The Shadow Queen (Ravenspire, #1)

Kol sprinted around the corner of the house and launched himself in front of Lorelai as a group of soldiers, taking advantage of Lorelai’s momentary distraction, cut themselves loose and attacked.

Why did Ada scream? Lorelai asked, dreading the answer until she saw that Kol didn’t know. As soon as he’d seen that Lorelai was under attack, he’d abandoned his mission in favor of defending her.

So what had scared Ada? The sight of soldiers running toward her husband? Before she could figure out the answer, another wave of attackers rushed onto the property and straight for Lorelai.

Sasha screamed in fury and attacked, colliding with a woman and then whirling midair to dive toward another.

Kol was a blur of motion. He spun into one man and then sent a woman to her knees. Lorelai ducked as a sword fell toward her neck, and then Kol was there, grabbing the sword with his bare hands.

She cried out a warning, but Kol didn’t need it. The heat from the dragon’s fire in his chest had spread throughout his body, and the blade melted as he held it.

Lorelai somersaulted beneath another sword and slammed her hands onto the ground again, desperately calling up more vines, trying hard not to use her magic to hurt those who were only fighting because a mardushka had bespelled them.

No matter how many vines she called forth, however, more soldiers kept coming. And not only soldiers, she realized. Nobility. Upper gentry. Peasants. Even children.

A chill swept over her. She couldn’t defeat them all without injuring them. There were too many, and she didn’t dare use up her strength when she still needed to face Irina. She had to stop fighting and start running.

It was time to flee this cottage.

Let’s go, she said to Kol, but he ignored her in favor of launching himself at a well-dressed man in a silk cravat who was coming at Lorelai with an upraised cane.

These are innocent people, and we can’t defeat them without hurting them. Are you listening to me? Kol!

She felt the change in him before she saw it. The darkening of his mind. The burn of agony that ignited his dragon heart. The cold, precise thoughts of a predator.
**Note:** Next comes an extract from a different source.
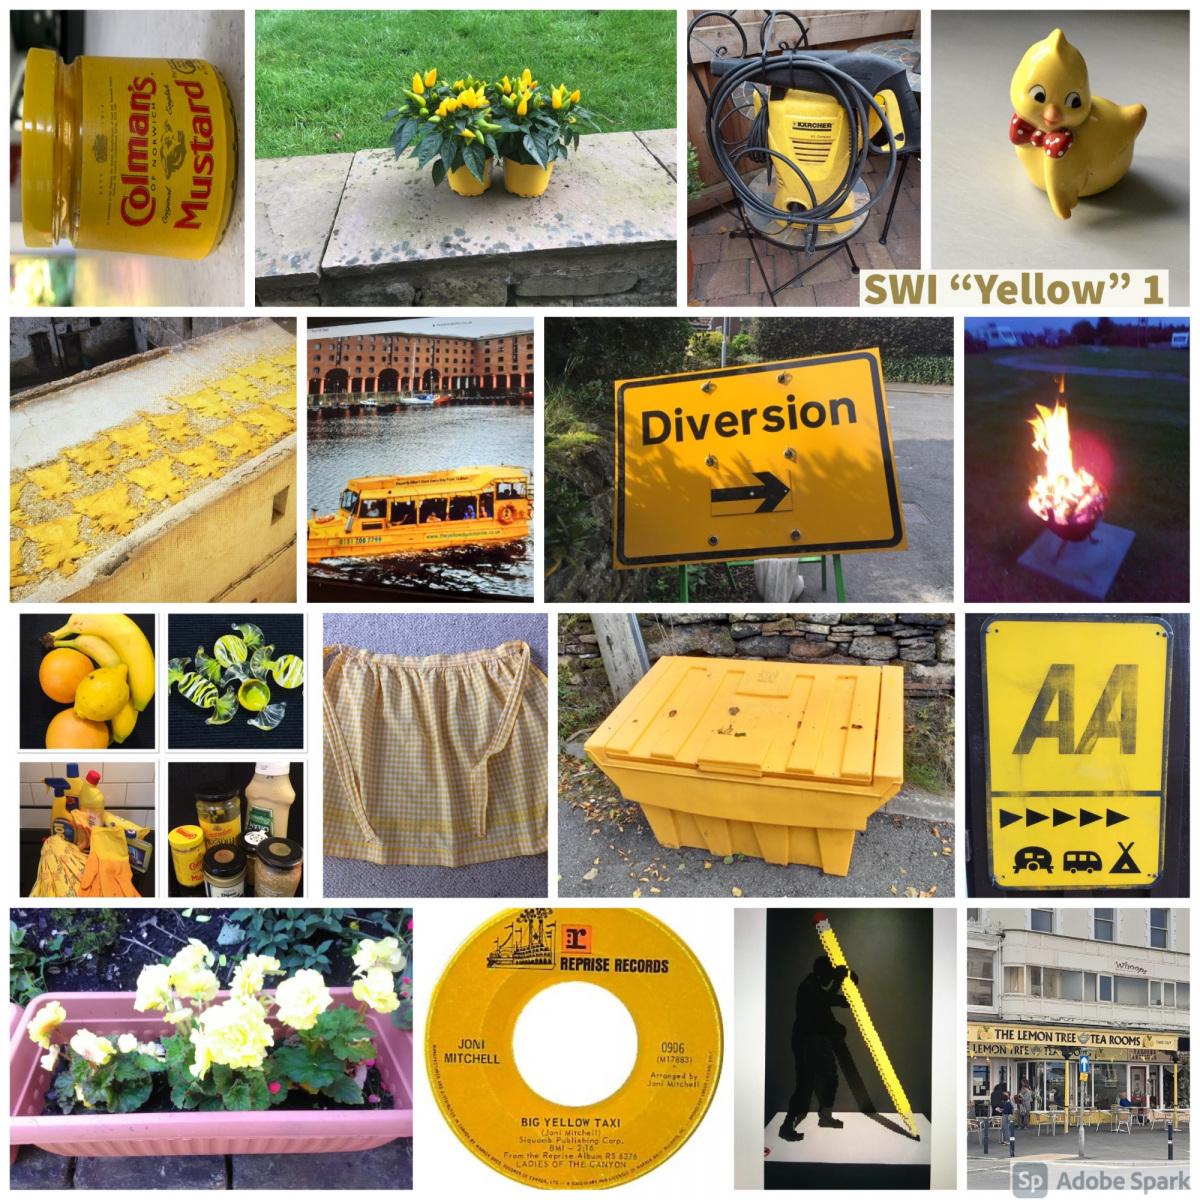 SWI-Yellow-part1

He turned toward her, his amber eyes feral.

Run. His voice was guttural and hoarse. Prey.

Don’t let Irina have you. Fight this, Kol. Her heart pounded and magic screamed through her blood as she reached for him. She wasn’t going to lose him. She wasn’t going to lose another person she cared about to Irina. A flicker of awareness crossed his face as she stepped toward him, followed immediately by horrified fear.

And then his thoughts opened wide to her, and it wasn’t his voice anymore. It was Irina’s.

The Eldrian king is mine. Gabril and his family are mine. My guards have them halfway to the castle by now. You have no one left. You’re a little fledgling mardushka, and you are no match for me.

Lorelai lunged for Kol, her hands reaching, but he was gone. Twisting away from her. Running toward the castle. Following the crowd of soldiers who’d already taken Gabril and his family to Irina.




THIRTY-SEVEN


“KOL!” LORELAI YELLED, but it was too late. He was too fast, and she was surrounded by a throng of bespelled people determined to kill her to satisfy their queen.

She threw herself to the side, narrowly avoiding a woman who came at her with an ax clutched in one hand and a baby on her hip. Three men old enough to be grandfathers lunged at her from behind, and she flipped forward only to dive into a shoulder roll when a girl who couldn’t be older than twelve ran at her with a shard of metal in her hand.

Gabril and his family would be nearly at the castle by now. Kol’s mind was a cold, dark place that refused to acknowledge her.

And the crowd around her kept doubling in size as more people thronged to the cottage, makeshift weapons in their hands.

Lorelai needed a way out. Fast.

Someone knocked into her, and she rolled forward, coming up on her hands and knees, only to be sent sprawling by a well-aimed boot to her back.

She whirled to avoid a sword, and it plunged into the ground beside her face.

Before she could move, a woman fell on her, and then two more piled on, pinning Lorelai to the ground as they grappled for her neck.

Lorelai shoved her palms against the ground and screamed, “Pros`rashk!”

The grass caved inward, an enormous, mouthlike circle with Lorelai at its center, and then exploded outward like a giant exhaling a gale force wind.

The throng that had been closing in on Lorelai flew backward, crashing into the cottage, the fence, and the trees, and lying dazed.

Lorelai lunged to her feet, cringing at the injuries she saw. Blood. Some broken bones. And already, the crowd that had been on the fringes was climbing over their fallen comrades and coming for her—a solid wall of people in every direction.

She couldn’t afford another huge drain on her magic. Even when working with a willing heart, magic took its toll. She needed her energy for Irina.

Magic couldn’t save her, but she’d spent the last nine years of her life saving herself without ever relying on the power that ran through her blood.